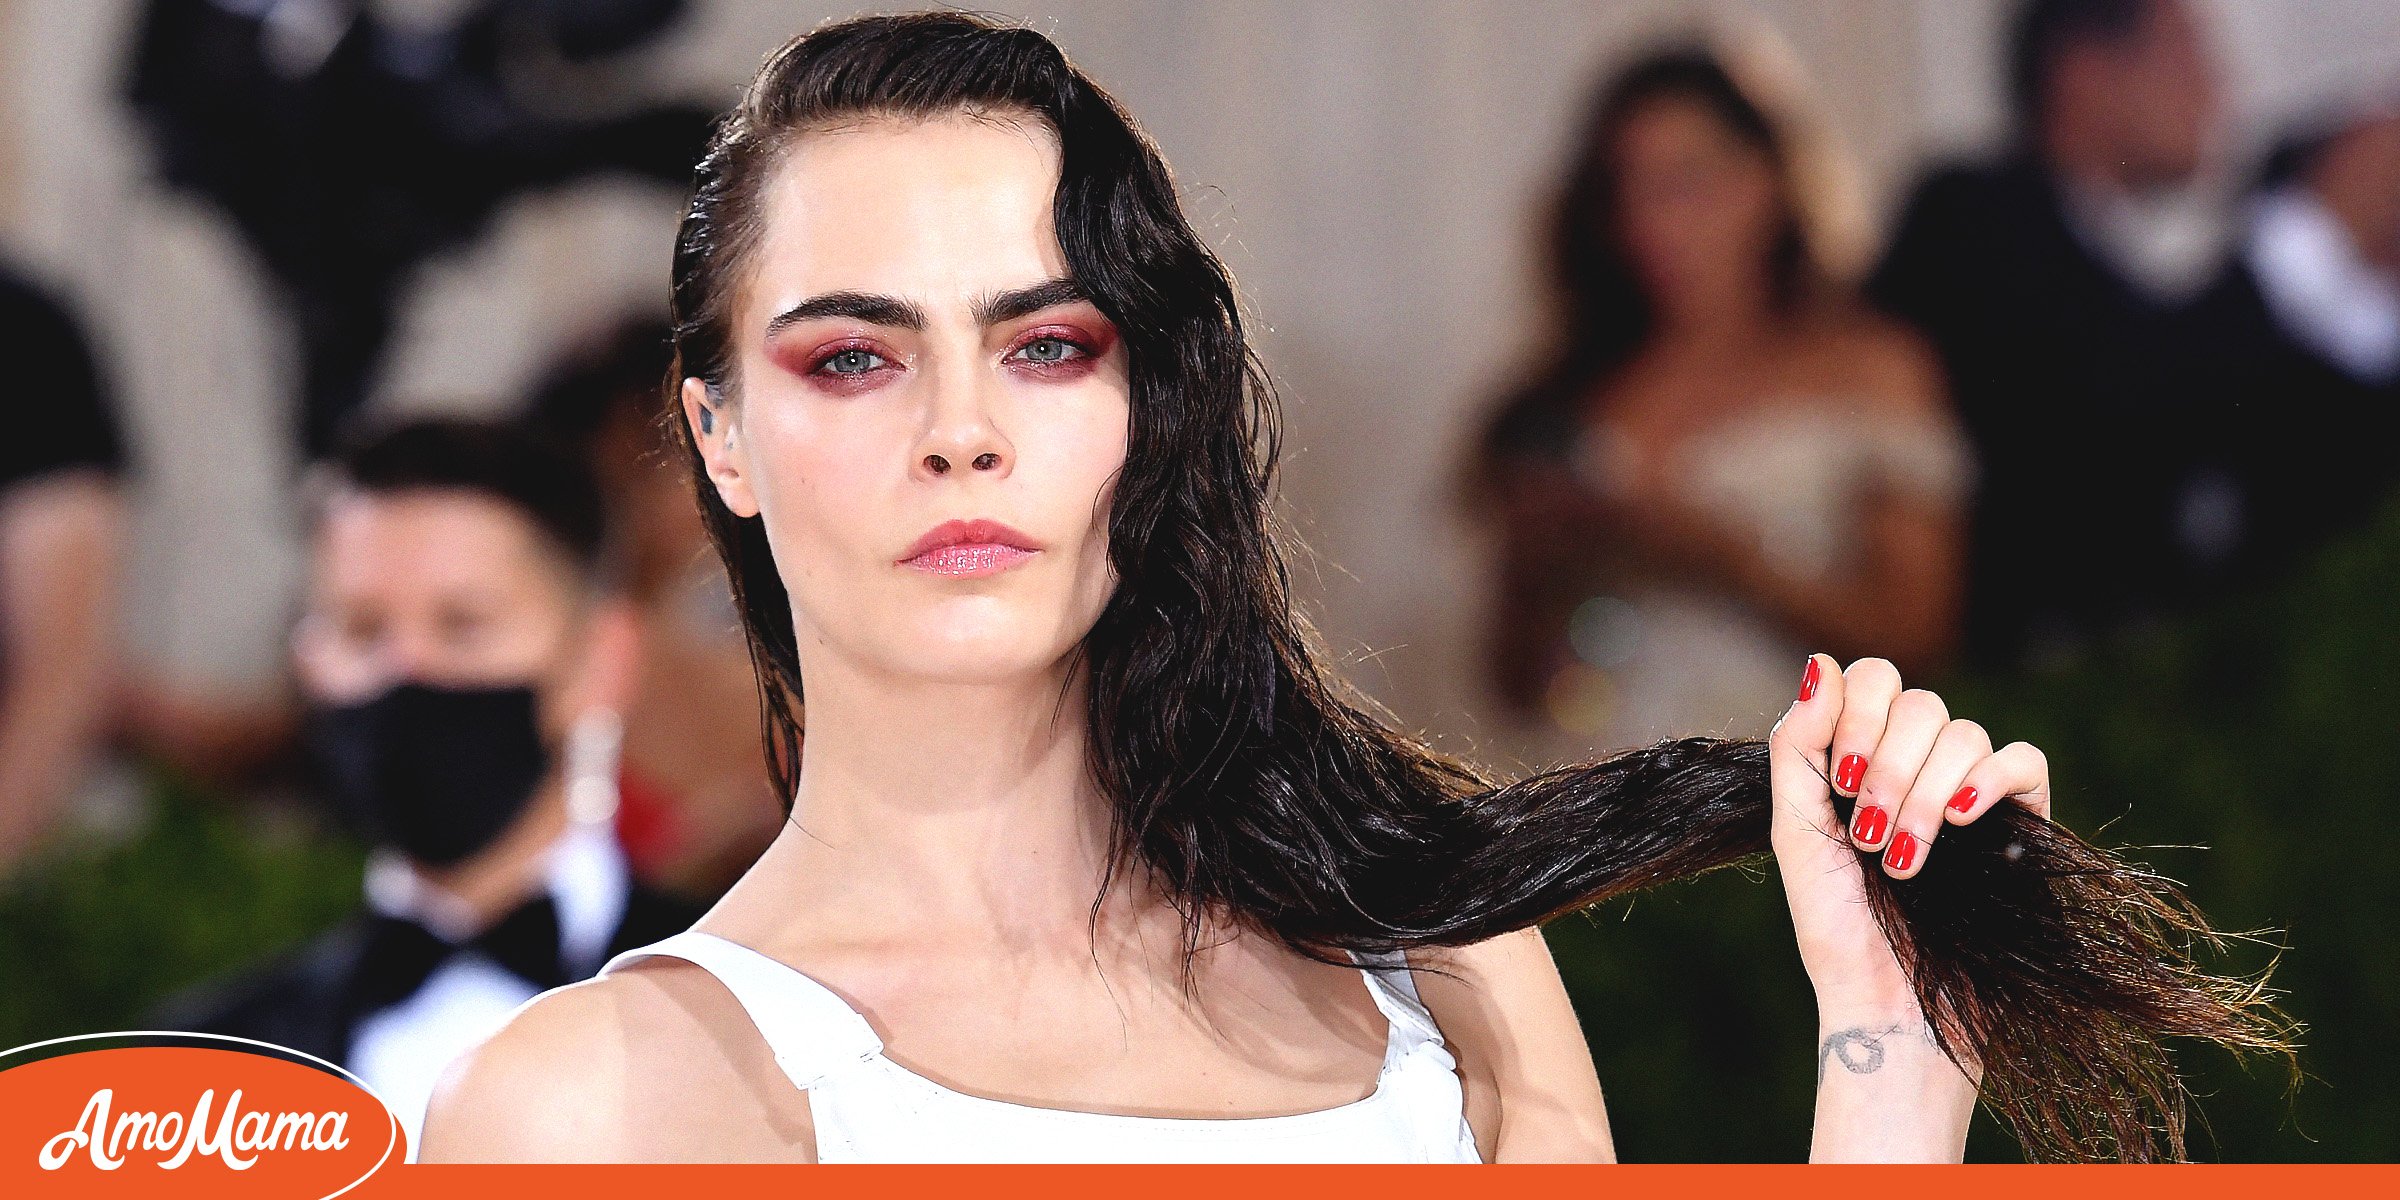 Who Is Cara Delevingne Dating? Inside the Actress and Model’s Private Life
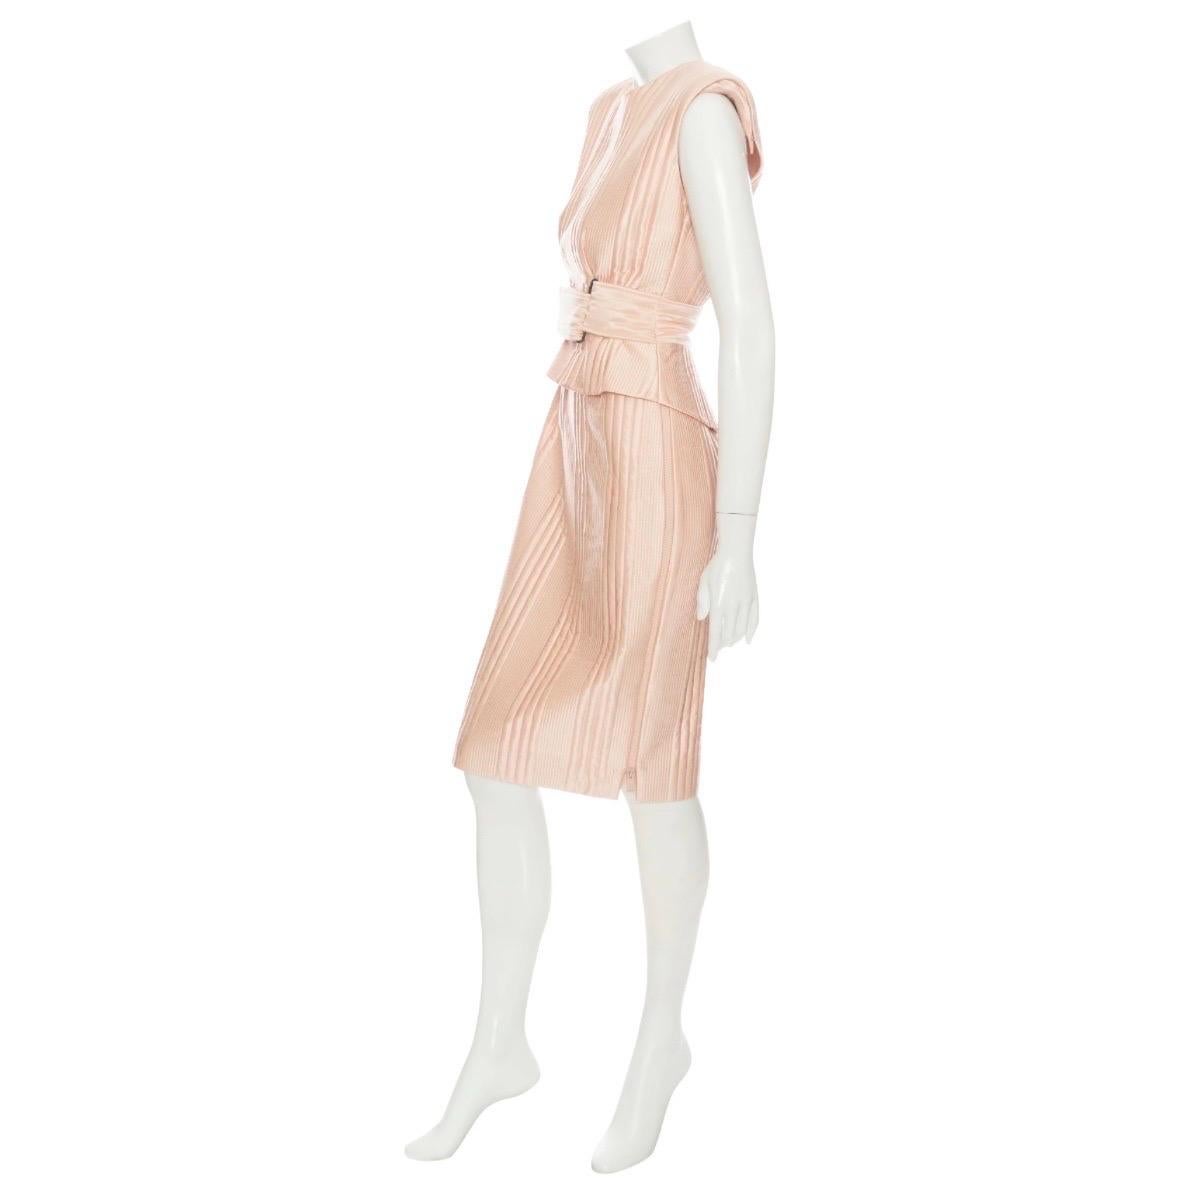 Fendi Pink Silk Quilted Peplum Dress

Light Pink/Blush
Quilted detailing
Sleeveless
High round neck
Padded shoulders
Peplum bodice
Pencil skirt
Attached wide waist belt
Back vent
Adjustable side zippers
Back zipper closure
Made in Italy
100%
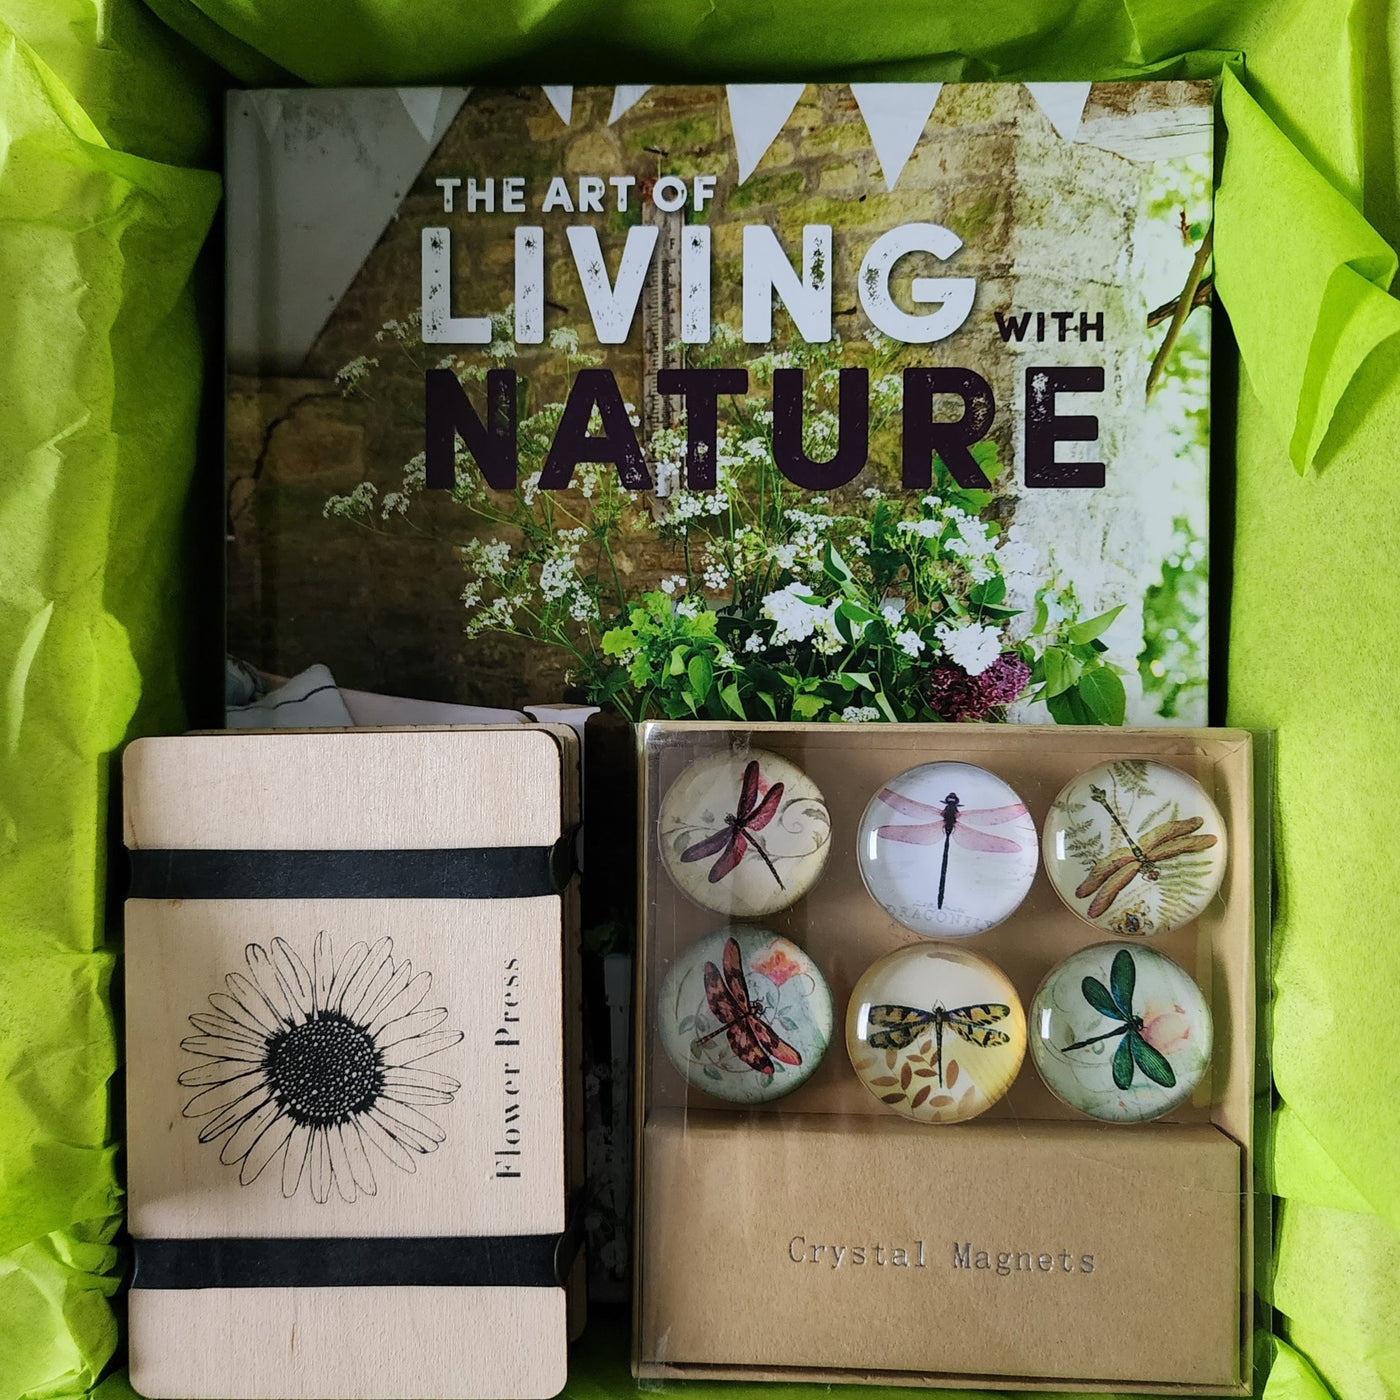 living with nature book, flower press and crystal magnets set

::::::

Task to complete:
All the lines above are to be given again exactly as they read, with the pictures removed.

Task response:
 Who Is Cara Delevingne Dating? Inside the Actress and Model’s Private Life
 Fendi Pink Silk Quilted Peplum Dress

Light Pink/Blush
Quilted detailing
Sleeveless
High round neck
Padded shoulders
Peplum bodice
Pencil skirt
Attached wide waist belt
Back vent
Adjustable side zippers
Back zipper closure
Made in Italy
100%
 living with nature book, flower press and crystal magnets set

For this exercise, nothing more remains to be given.